* [YOUR GOAL] Repeat the lines of the data exactly and exclude any picture among them.

* [RECORDED DATA]
*** Begin section ***
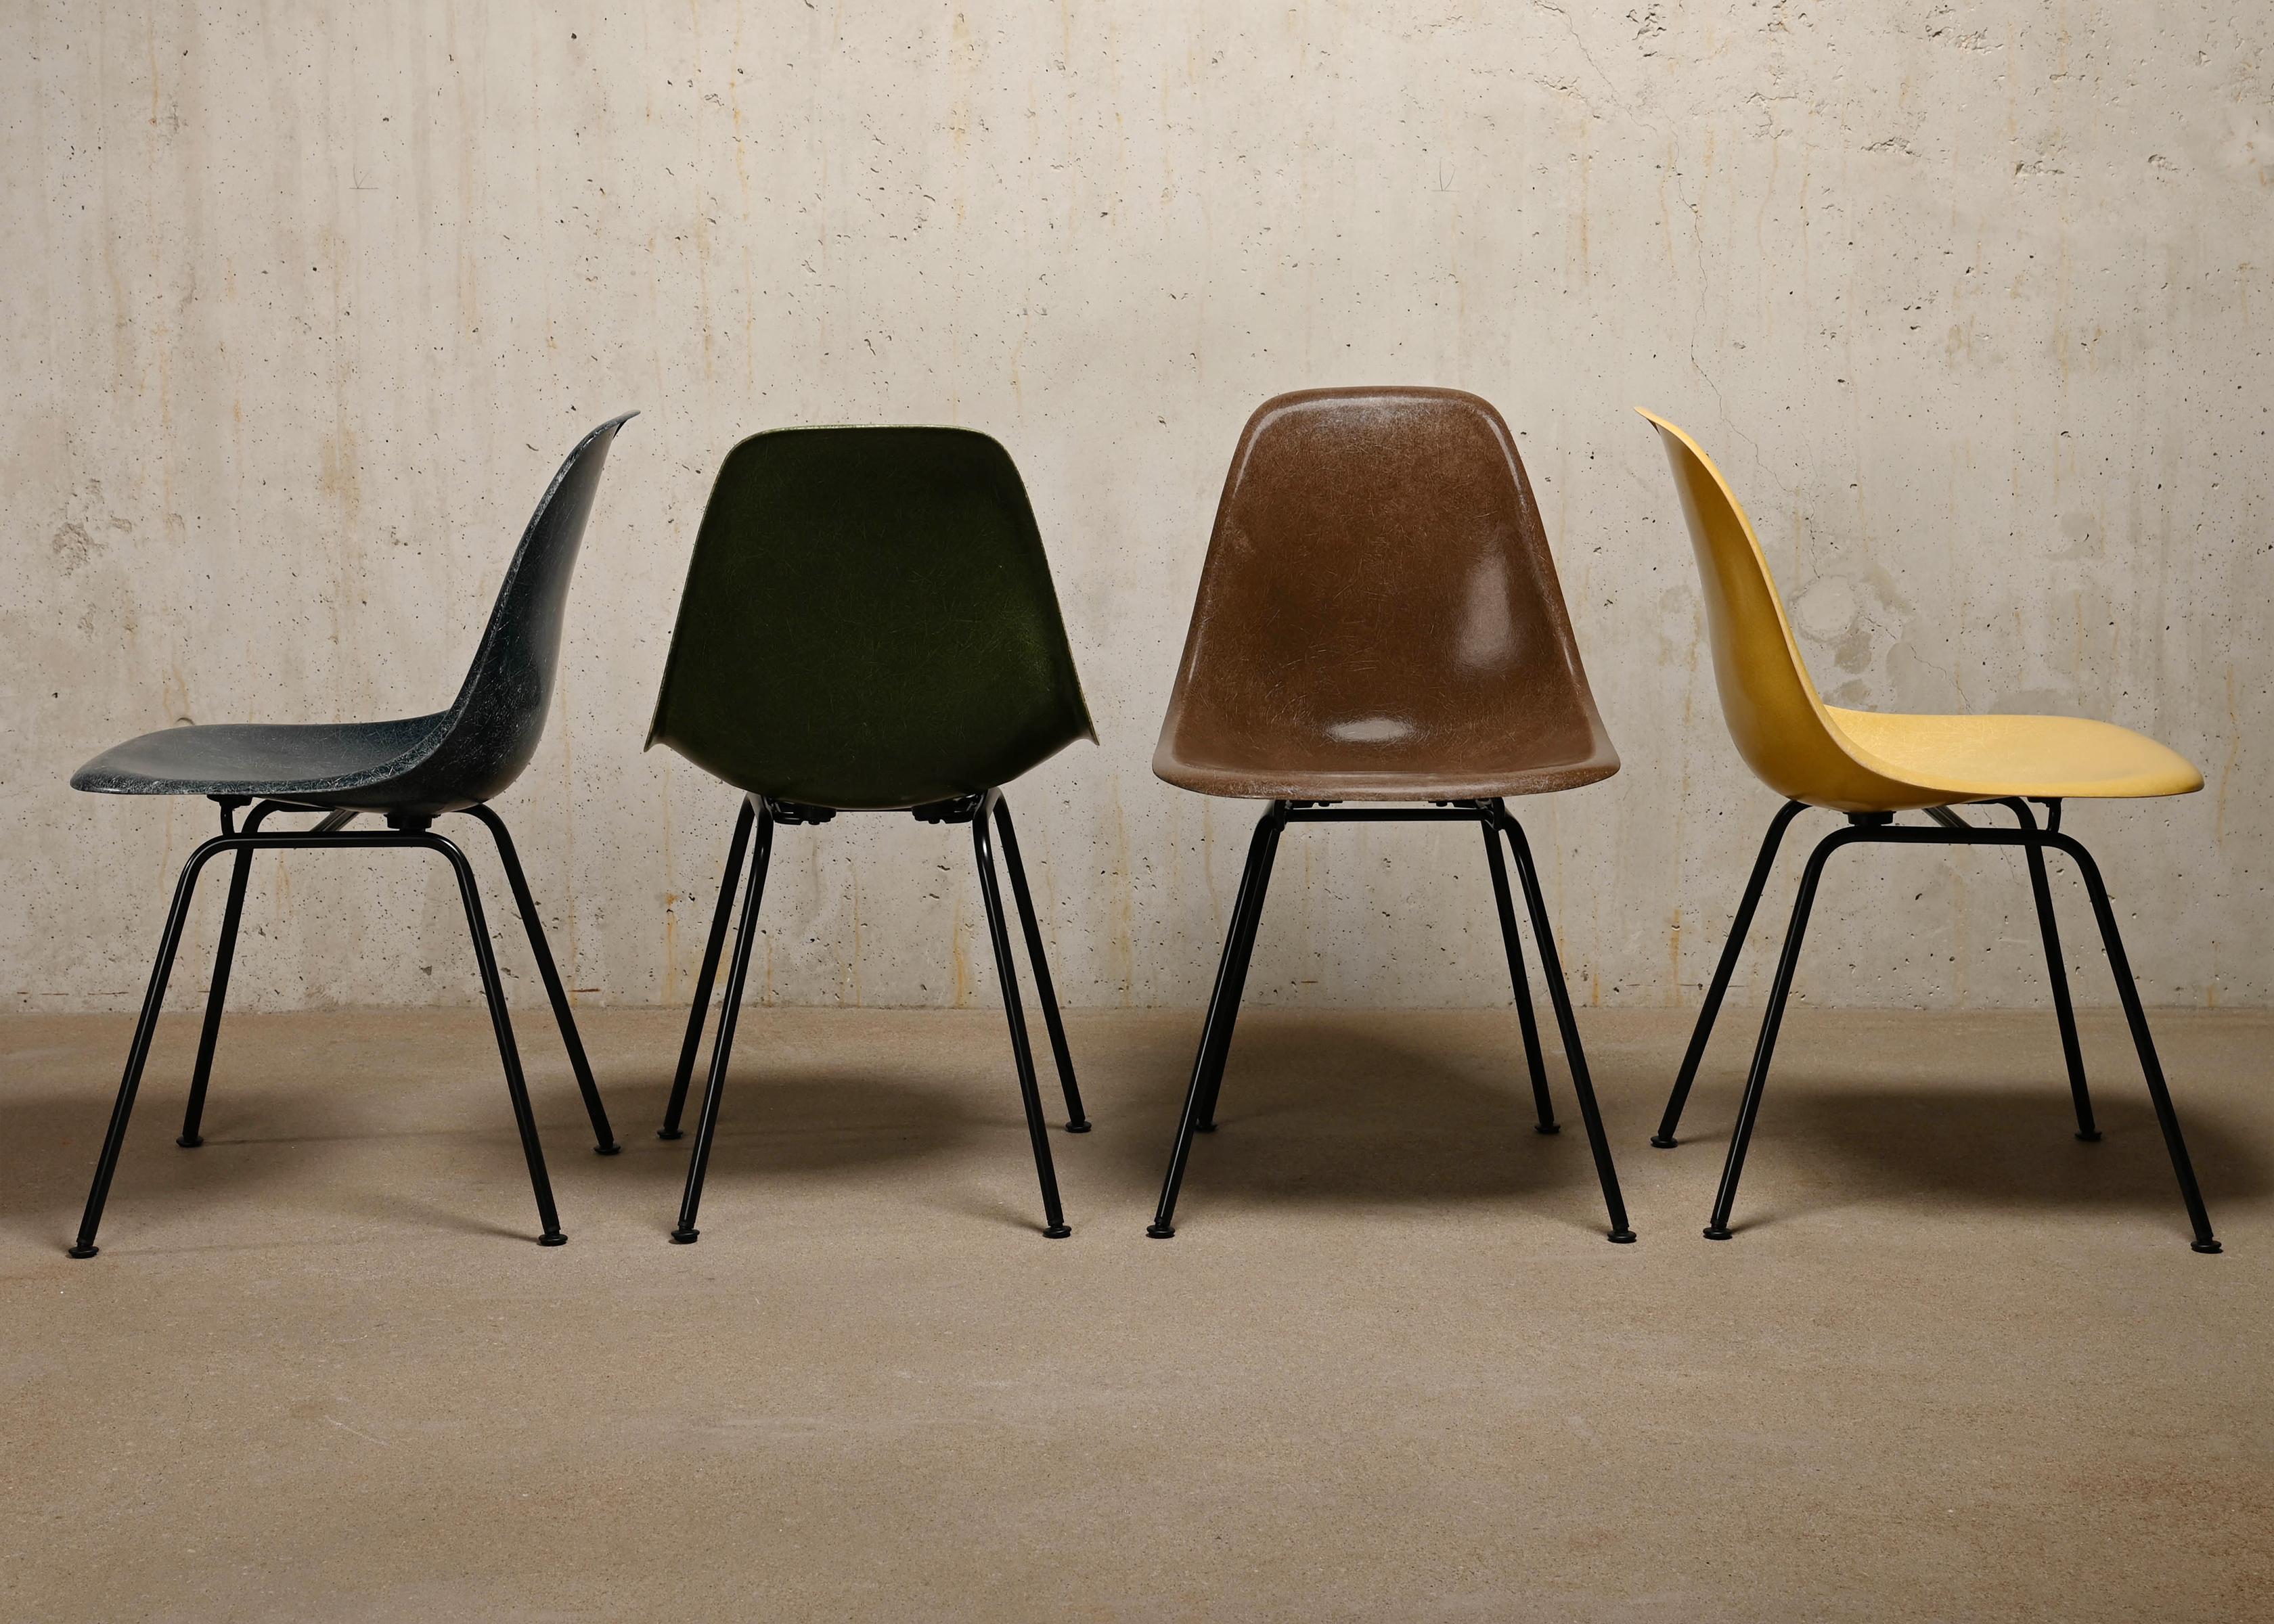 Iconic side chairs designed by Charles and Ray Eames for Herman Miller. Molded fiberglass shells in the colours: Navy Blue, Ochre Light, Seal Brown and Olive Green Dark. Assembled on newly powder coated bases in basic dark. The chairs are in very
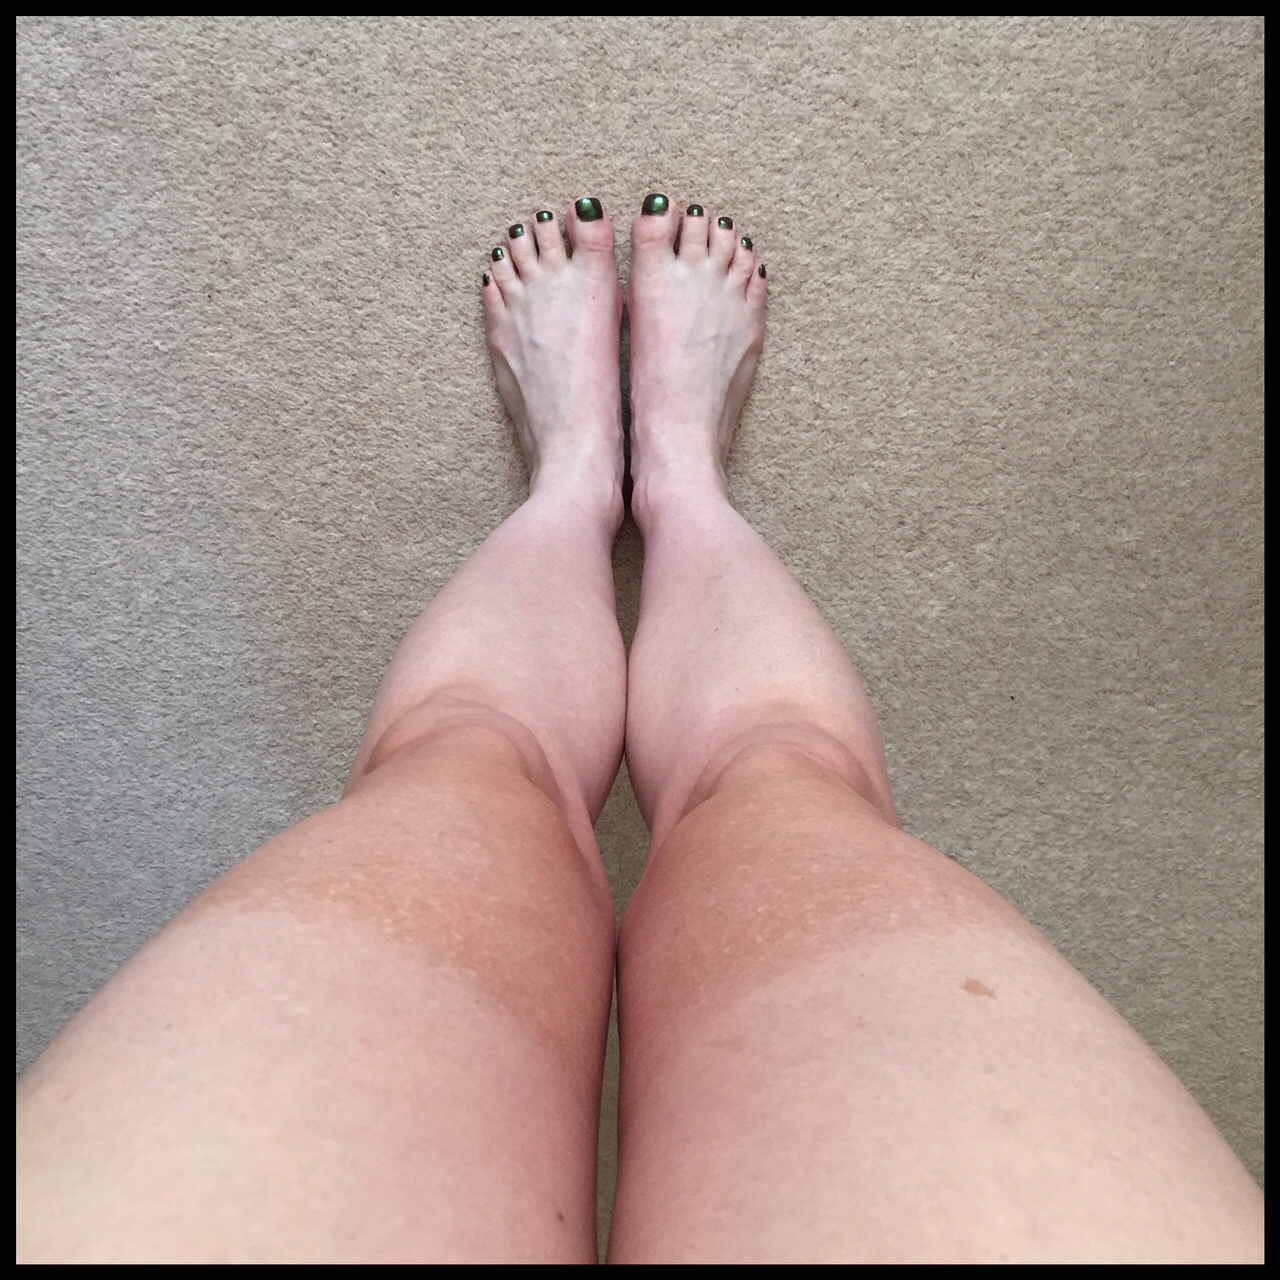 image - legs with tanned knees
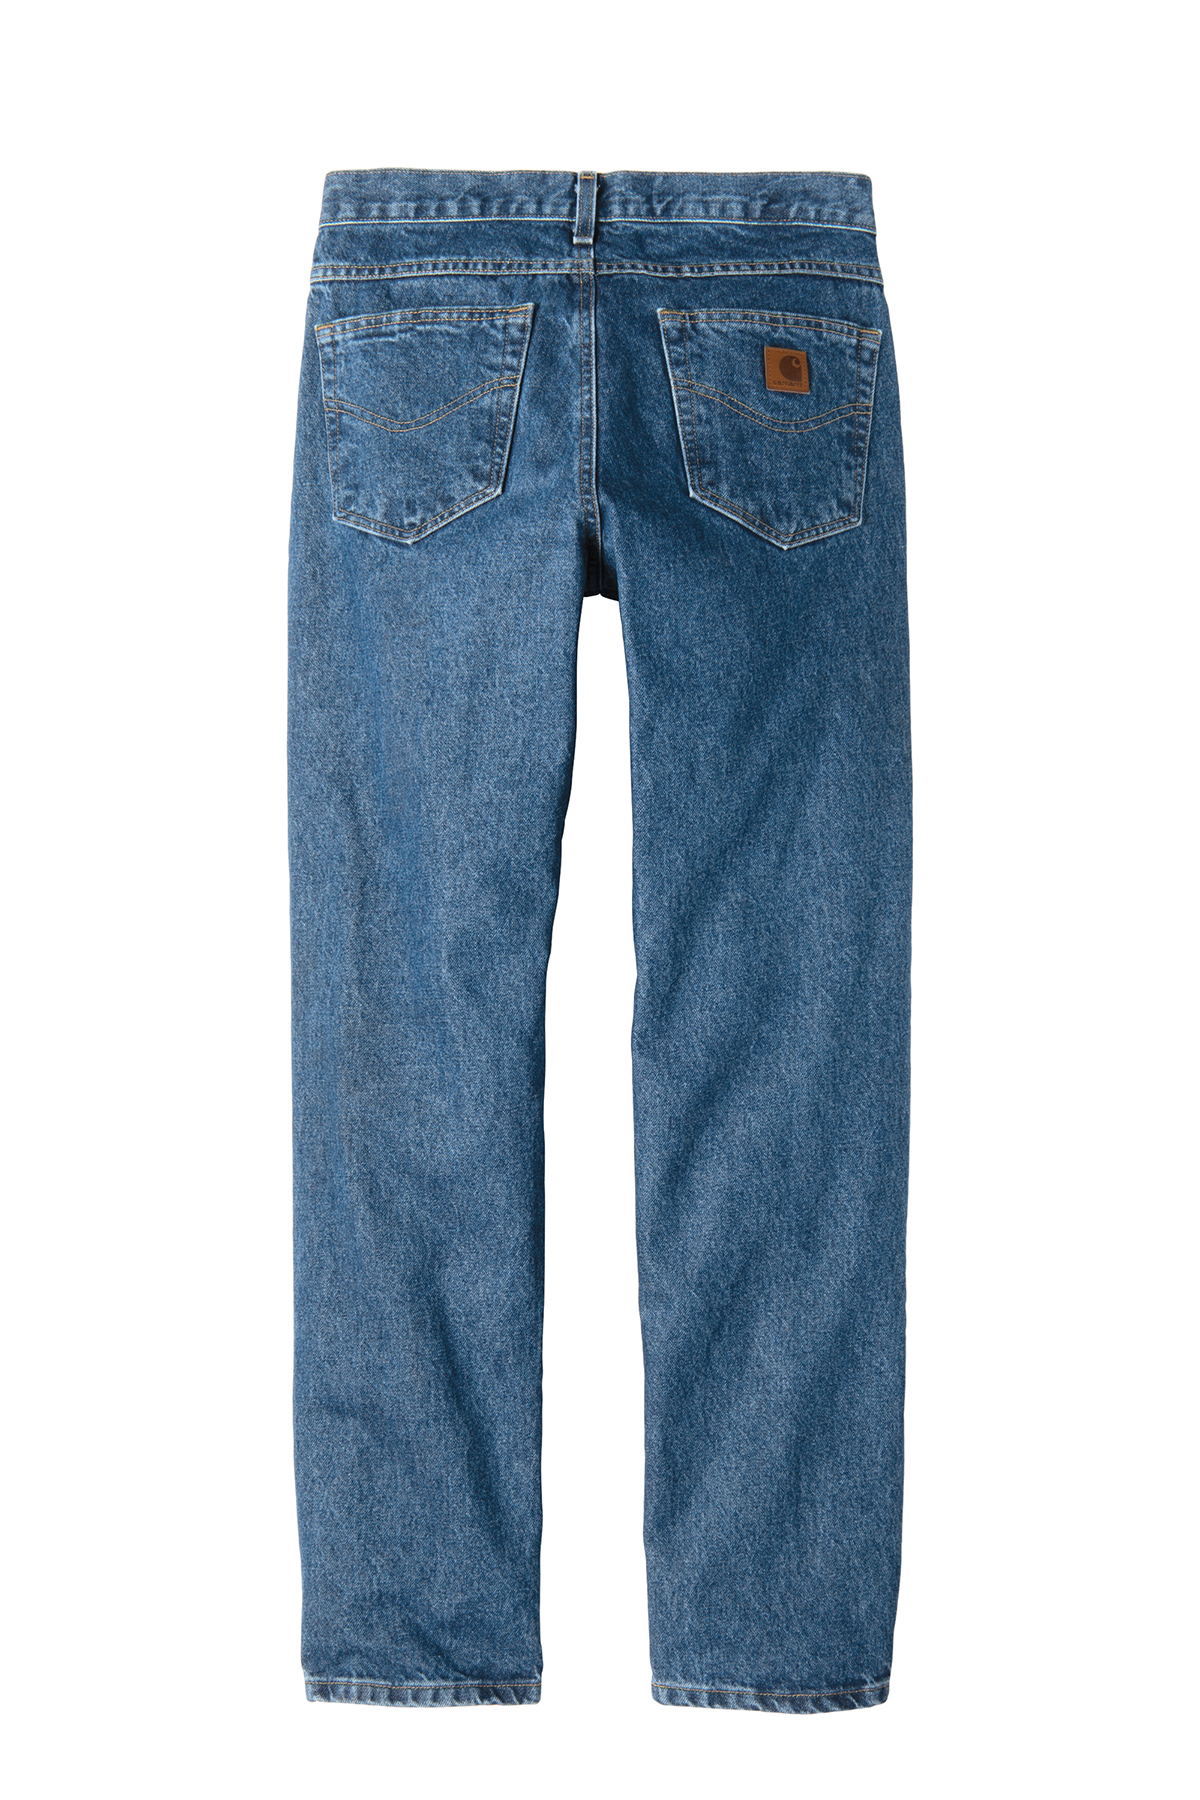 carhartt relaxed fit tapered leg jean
*** End section ***
* [RESPONSE FOR THIS EXERCISE]
 Iconic side chairs designed by Charles and Ray Eames for Herman Miller. Molded fiberglass shells in the colours: Navy Blue, Ochre Light, Seal Brown and Olive Green Dark. Assembled on newly powder coated bases in basic dark. The chairs are in very
 image - legs with tanned knees
 carhartt relaxed fit tapered leg jean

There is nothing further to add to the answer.